All of which provides a degree of mitigation for the way that Liverpool’s results have fluctuated, much like they did in 2004/05.
The lesson to be taken from then is that while the dreary losses may negate the fearless wins in terms of points on the board, the former are far more likely to be ironed out in the adaptation process while the latter should, in theory, function as a sign of things to come.
The coming summer will once again be crucial for Liverpool. They must not only break the habit of an era by using their transfer funds to strengthen rather than self-harm, but also strike the balance between making the substantial changes their patchy squad needs without embarking on an overhaul that obliges another dreaded season of transition.
Against a recent tradition of disastrous last-minute panic buys, the initiative suggested in Joel Matip’s early capture is encouraging.
One hurdle that Klopp may not have been expected is the relative detachment of the fans. He may not say so publicly but there is undoubtedly a marked contrast between Germany, where fan culture retains its primal edge, and England, where crowds often look to take their inspiration from their team rather than vice versa.

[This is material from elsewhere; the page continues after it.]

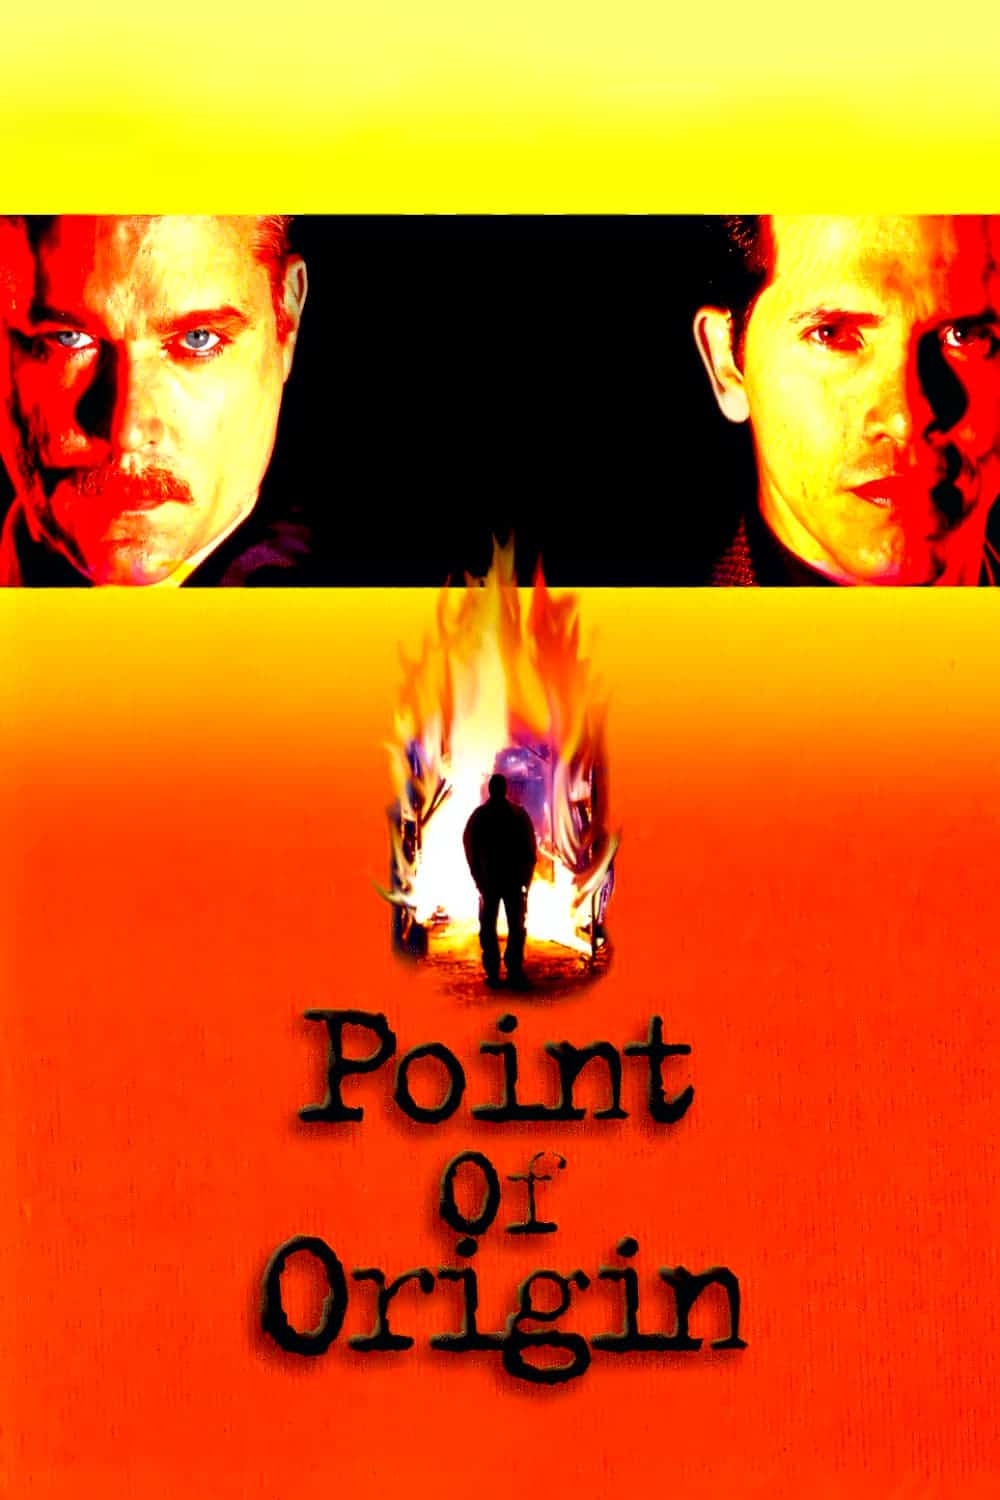 Point of Origin, 2002

At many of the bigger clubs – and Liverpool is certainly one – the coldly corporate stance of those in the boardrooms has engendered a lingering sense of resentment on the terraces. This runs in direct opposition to Klopp’s formula, which relies on the channelling of the home crowd, casting them as participants in their club’s success rather than merely spectators to it.
In this respect, the sense of civil unrest at Anfield which peaked with last month’s protest against ticket prices, is more of a hindrance for Klopp that it would be for another manager.

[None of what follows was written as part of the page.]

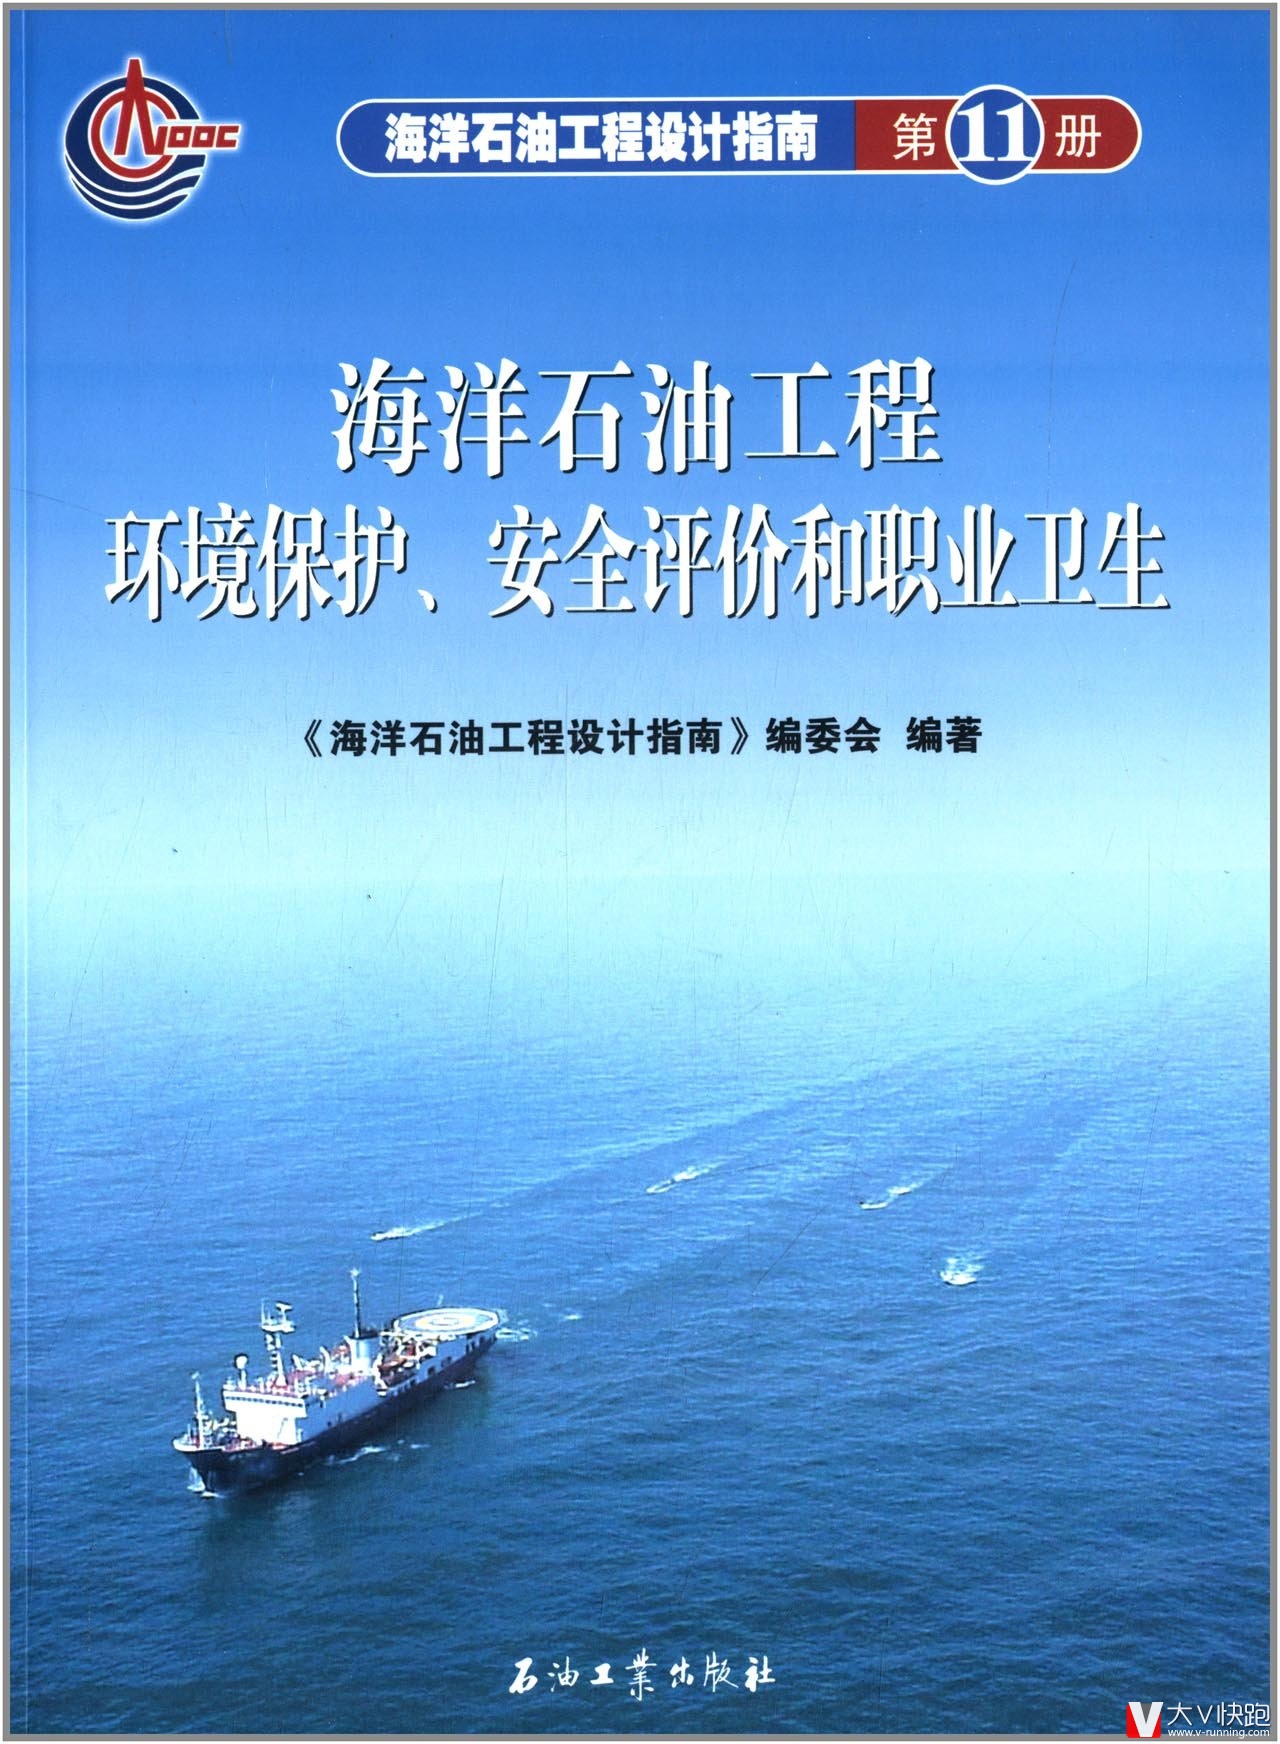 海洋石油工程环境保护安全评价和职业卫生海洋石油工程设计指南第11册

It was also emblematic of a broader process of disengagement that he will have to reverse if he is to build an aura around Anfield to compare with Dortmund’s famed ‘yellow wall’. Restoring the joy and relish to Anfield is no small task – and yet you don’t doubt that Klopp, with his infectious sense of kid-at-Christmas excitement, is one of the few figureheads capable of doing it.
On this issue, he has already exploited his status shrewdly. Few managers would get away with publicly calling out their own fans within weeks of starting the job, but Klopp’s standing as media darling and cult hero framed his criticism of Anfield’s early leavers as a call for unity rather than a catalyst for division.
Likewise, his leading of his squad to salute the crowd after a late equaliser against West Brom was largely reported as an act of gratitude rather than grandstanding.
Action speaks loudest
All in all, then, Klopp’s debut campaign at Anfield, as it ticks towards its conclusion, is taking a familiar form: bitty and frustrating, but with enough glimpses of what is a proven winning formula to render the hope of clambering back onto that perch as something more than a delusion of grandeur.
So far, though, any notion of a sustained resurgence – certainly of silverware – exists only in theory.
A win at Anfield on Thursday would not be as momentous as the one 11 years ago, but it could still fulfil a similar function: the first meaningful step towards putting that theory into practice.